Des morceaux plus rythmés figurent également sur l’album. Ils fleurent bon l’époque bénie du jazz-funk et du jazz-rock : par l’apport d’un Hammond exubérant, on pense notamment aux productions du Brian Auger’s Oblivion Express. Ainsi, avec « Mars – Speaking In Tongues » c’est un échange peu avare en notes qui s’opère entre les attaques de Luther et les va-et-vient de John. « Jupiter – Ying Yang » secoue tout autant, en marchant toutefois avec davantage d’assurance. La pièce présente une fierté renouvelée dans la communication toujours soutenue mais plus affirmée entre les petites bulles qui se forment à la surface de l’instrument de notre leader et la lave abondante projetée depuis la console du compagnon de longue date de Billy Martin et Chris Wood. Dans leur association, on pourrait presque voir ces éléments monter les escaliers menant au ciel.

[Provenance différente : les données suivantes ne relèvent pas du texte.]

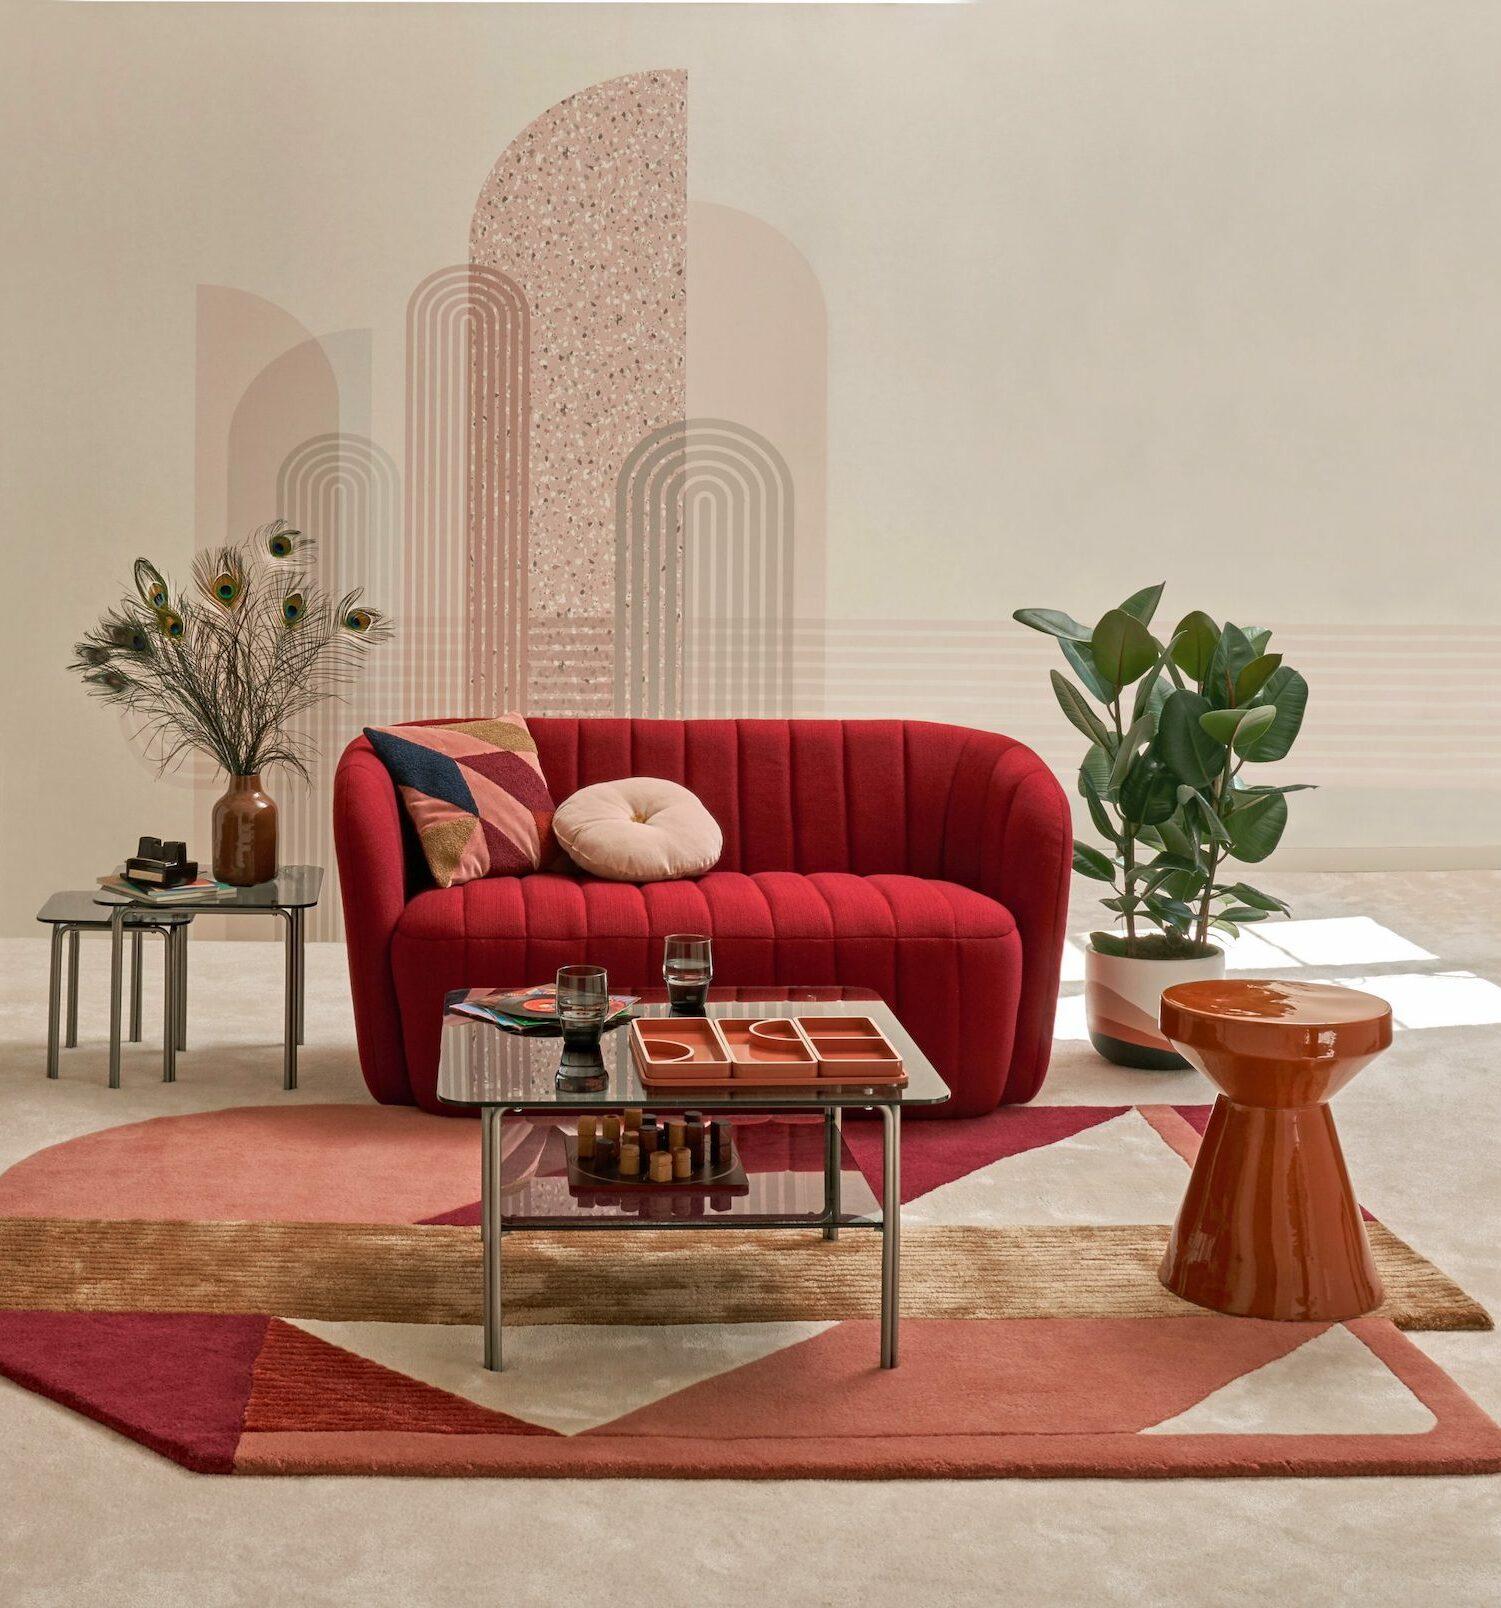 salon camaieu rouge canapé coquillage arrondi style Memphis décoration
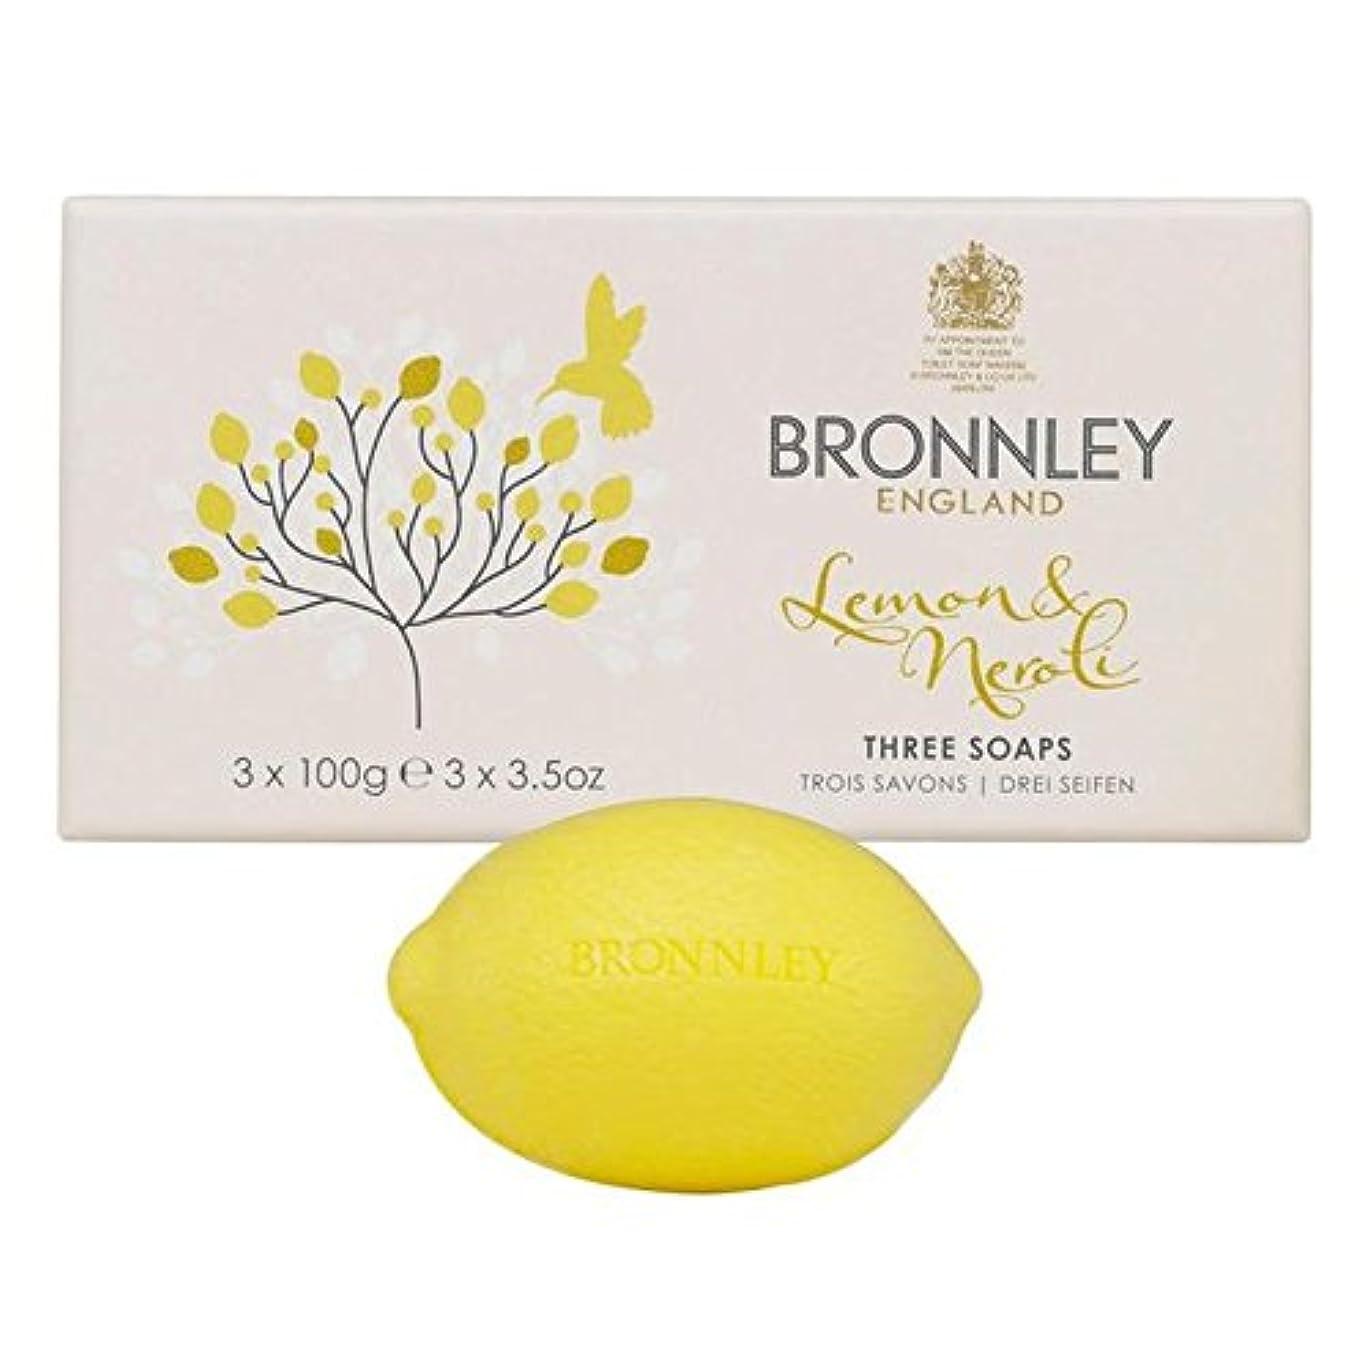 毎日ゆでる属性レモン&ネロリ石鹸3×100グラム x4 - Bronnley Lemon & Neroli Soaps 3 x 100g (Pack of 4) [並行輸入品]

En somme, Luther Dickinson nous prouve avec Mississippi Murals que le blues offre d’innombrables possibilités musicales. Même si c’est avec le jazz que ce style s’acoquine dans ce disque, de nombreux autres éléments interviennent, sans toutefois que l’ensemble n’en souffre ni ne devienne informe. Par ailleurs, aux côtés des désormais bien connus John Medeski et Dominic Davis, l’on peut découvrir les talents aussi bien rythmiques que mélodiques de Johnny Vidacovich. Celui-ci, même si sa réputation n’est plus à faire dans sa Nouvelle-Orléans natale et dans les cercles jazz où il tourne depuis près de cinq décennies (il est le plus vieux de la bande), n’en reste pas moins inconnu du grand public. Si vous souhaitez découvrir le blues dans un autre contexte qu’à l’accoutumée, faites profiter vos oreilles de ce disque… et vos yeux des fresques murales de Walter Inglis Anderson.